THE DATA >>

*** Block opens ***

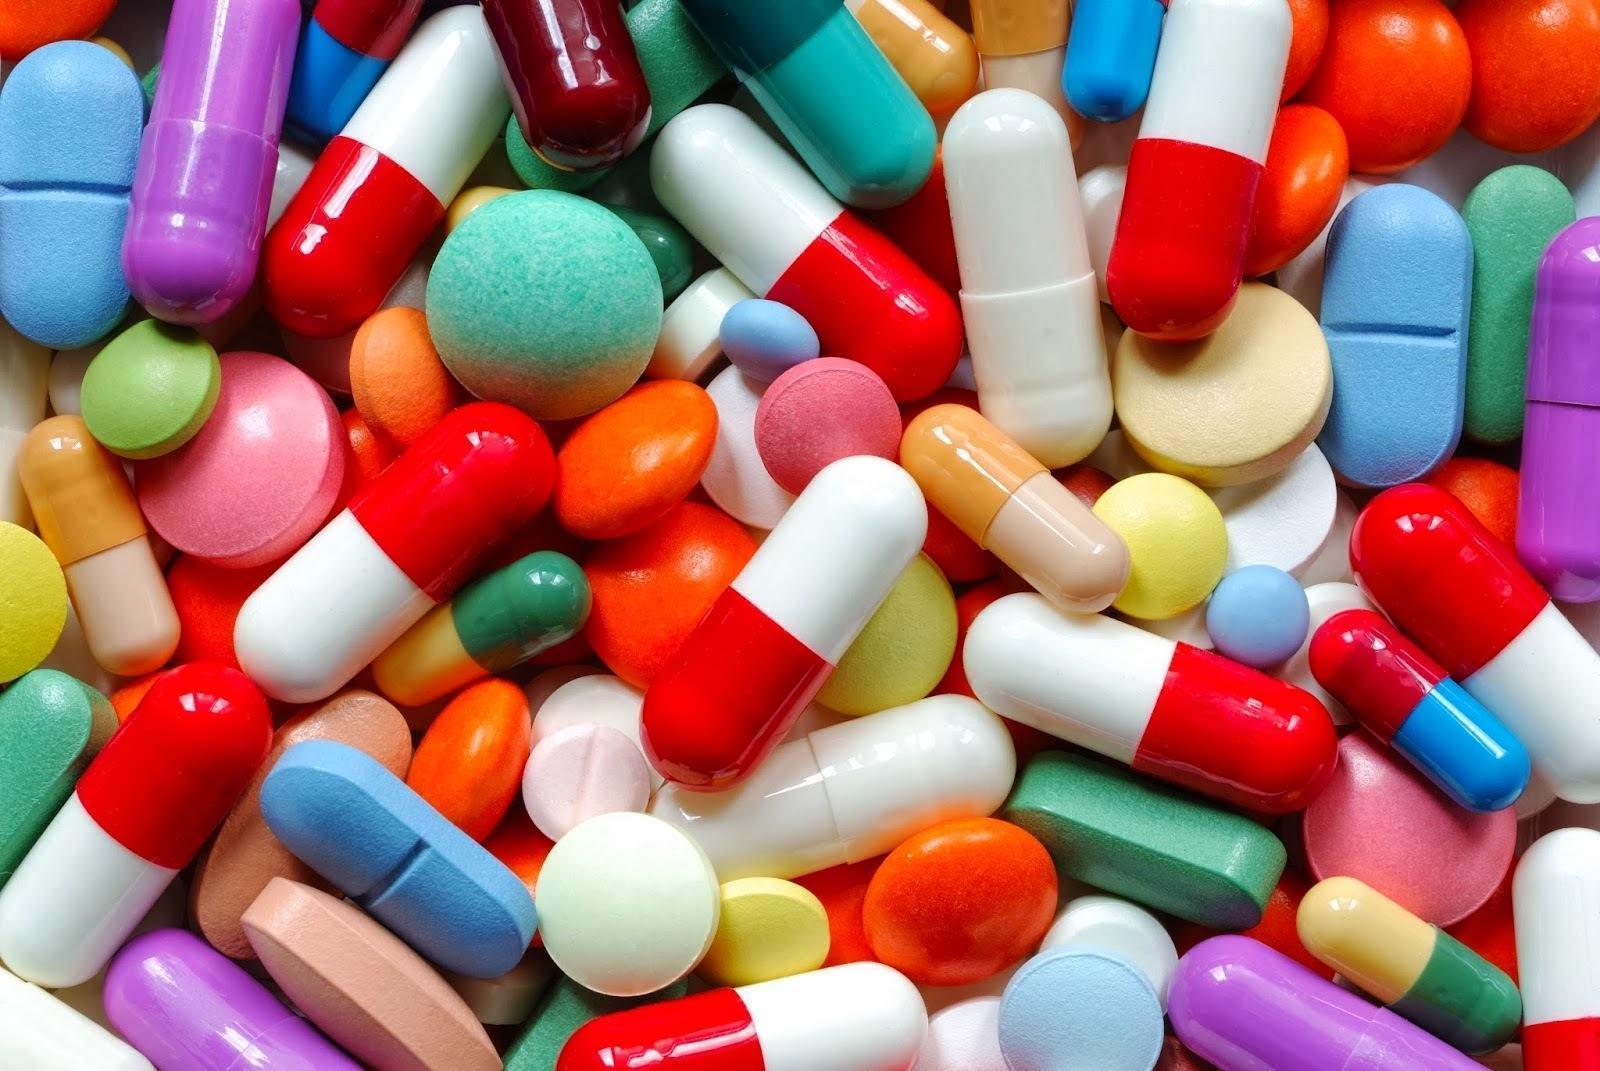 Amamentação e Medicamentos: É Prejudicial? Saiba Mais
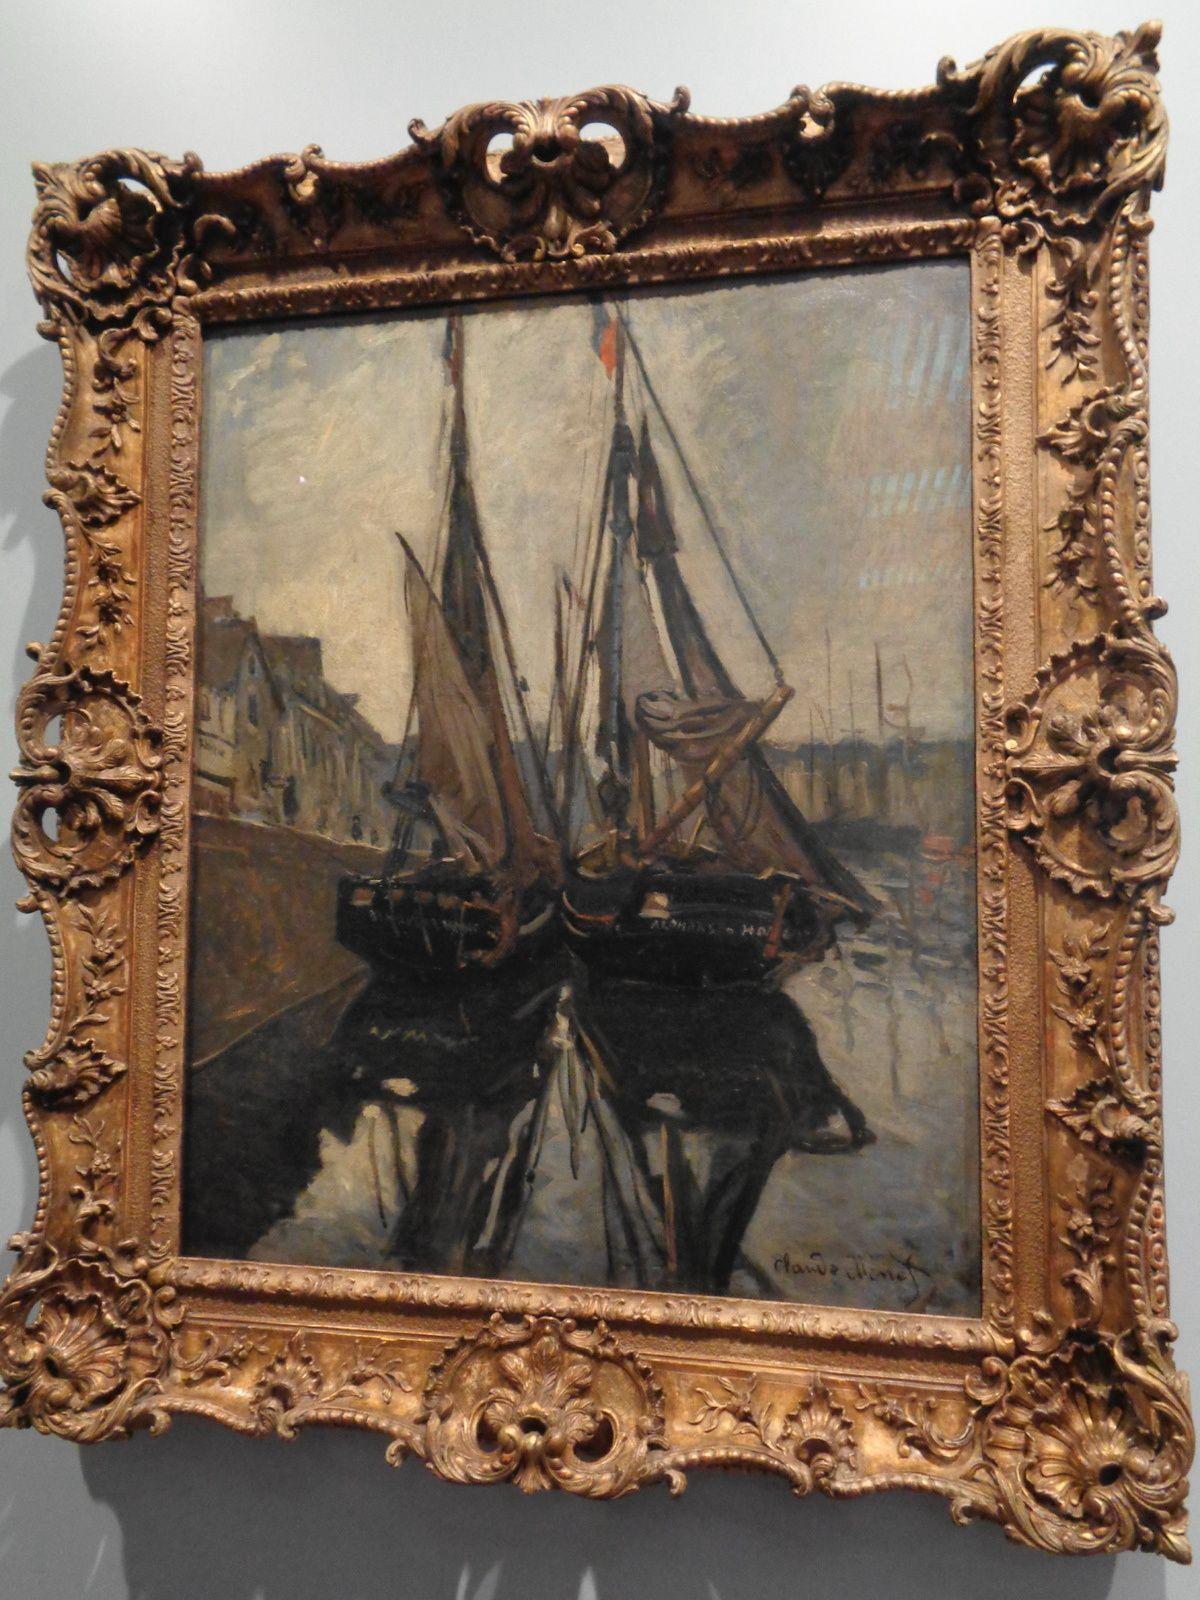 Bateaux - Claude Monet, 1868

*** Block closes ***
*** Block opens ***

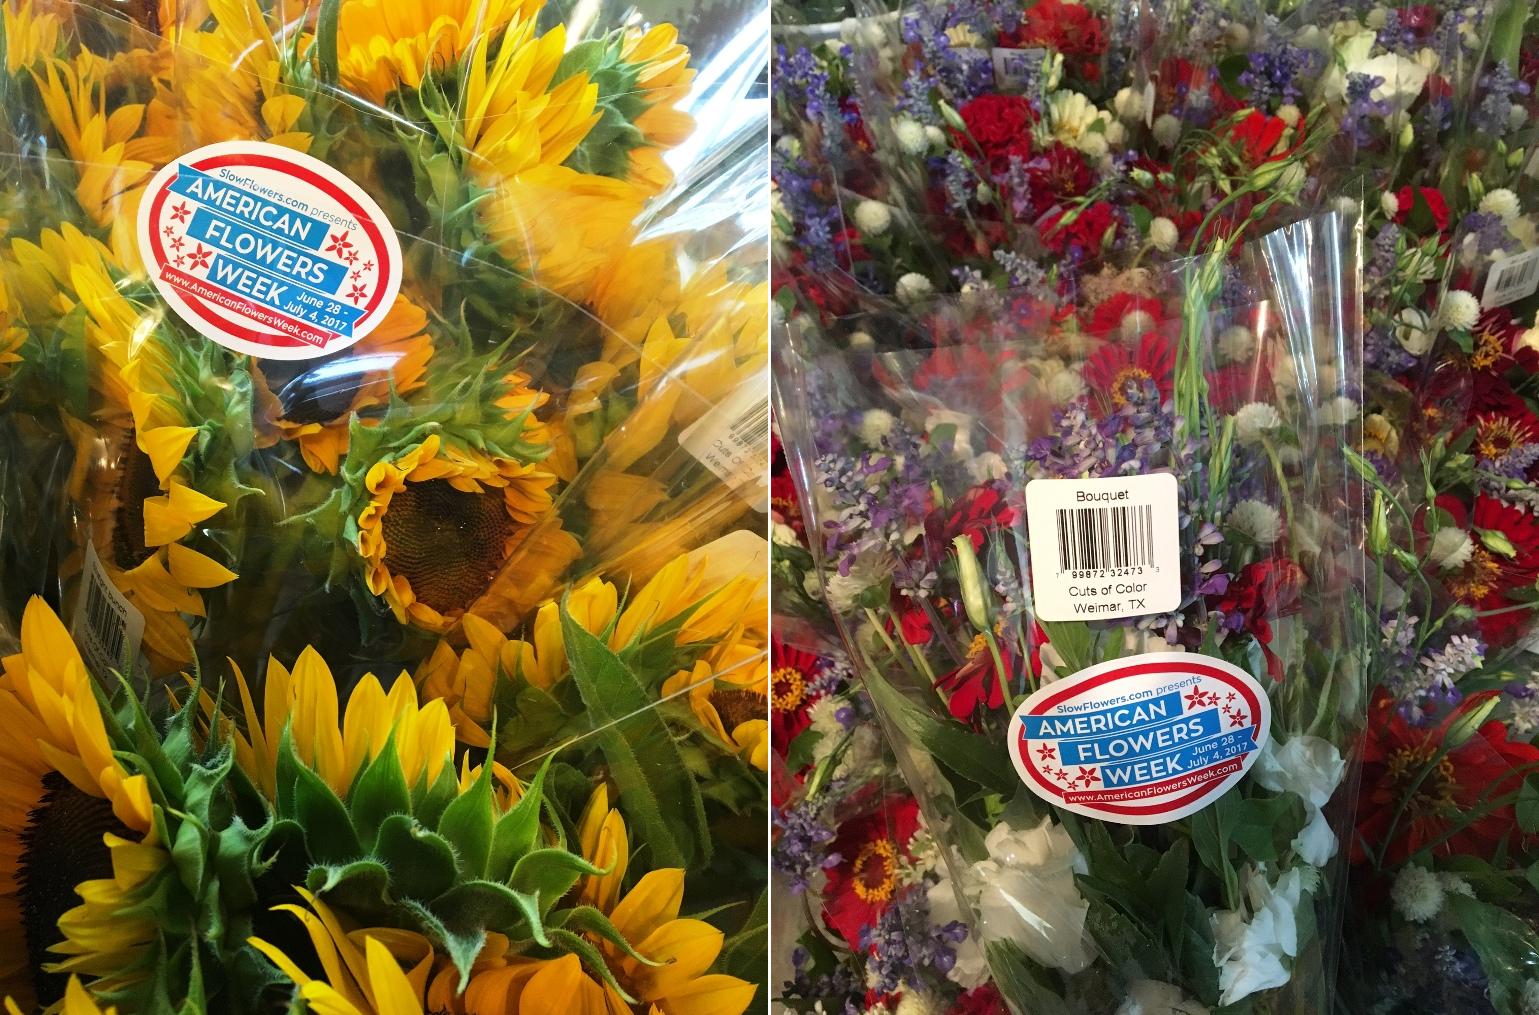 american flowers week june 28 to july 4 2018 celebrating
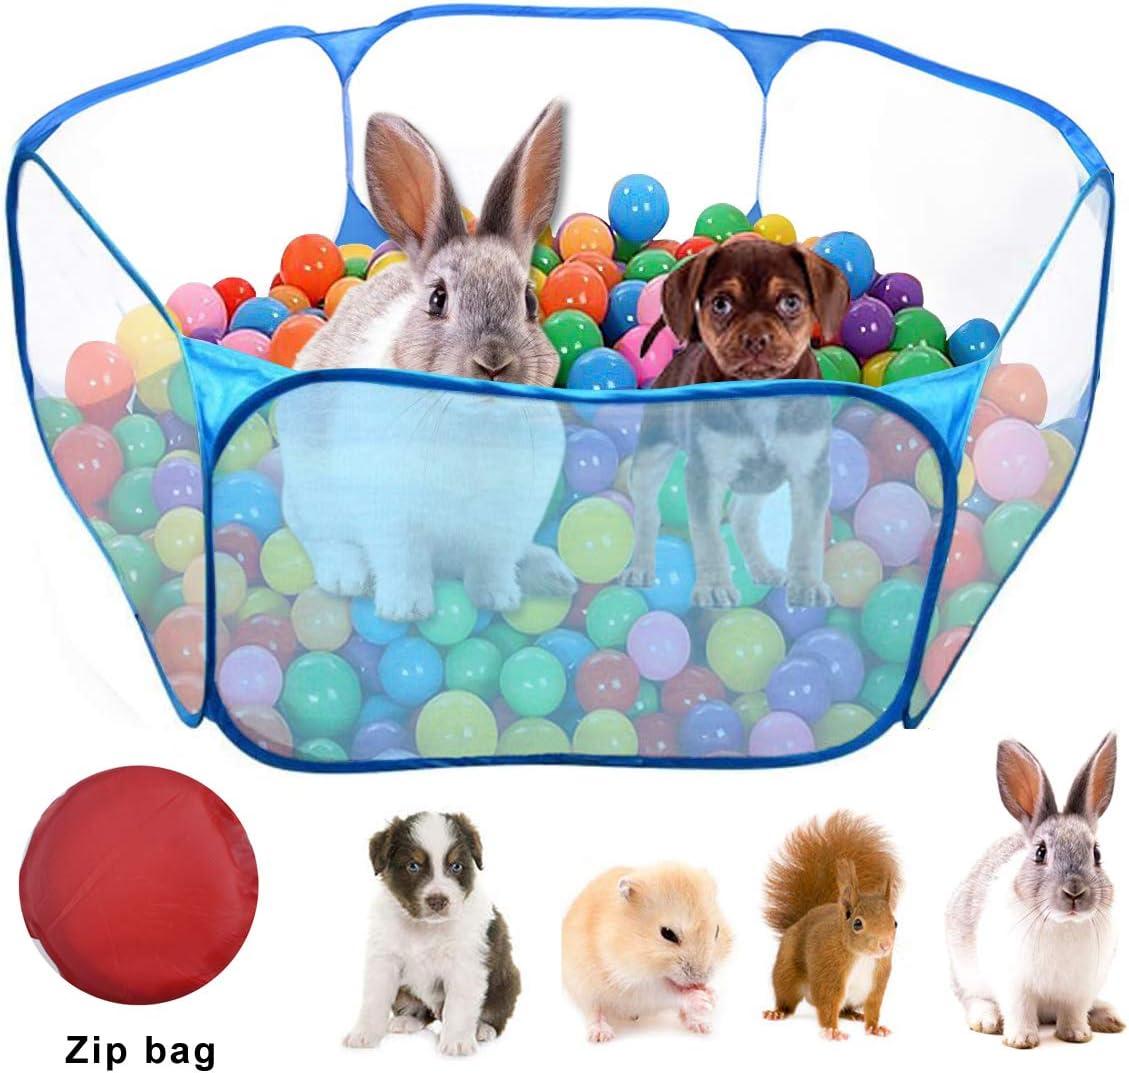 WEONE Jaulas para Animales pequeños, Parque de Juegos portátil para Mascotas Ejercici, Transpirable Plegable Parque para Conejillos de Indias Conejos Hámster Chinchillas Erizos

*** Block closes ***
*** Block opens ***

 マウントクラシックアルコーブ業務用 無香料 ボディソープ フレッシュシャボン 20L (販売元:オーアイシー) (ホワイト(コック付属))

*** Block closes ***

PROBLEM DETAILS >> Using the records above, print exactly the run of lines that starts with the line with "american flowers week" and goes on through the line with "WEONE Jaulas para", pictures excluded.

RESULT OF THIS TASK >>
 american flowers week june 28 to july 4 2018 celebrating
 WEONE Jaulas para Animales pequeños, Parque de Juegos portátil para Mascotas Ejercici, Transpirable Plegable Parque para Conejillos de Indias Conejos Hámster Chinchillas Erizos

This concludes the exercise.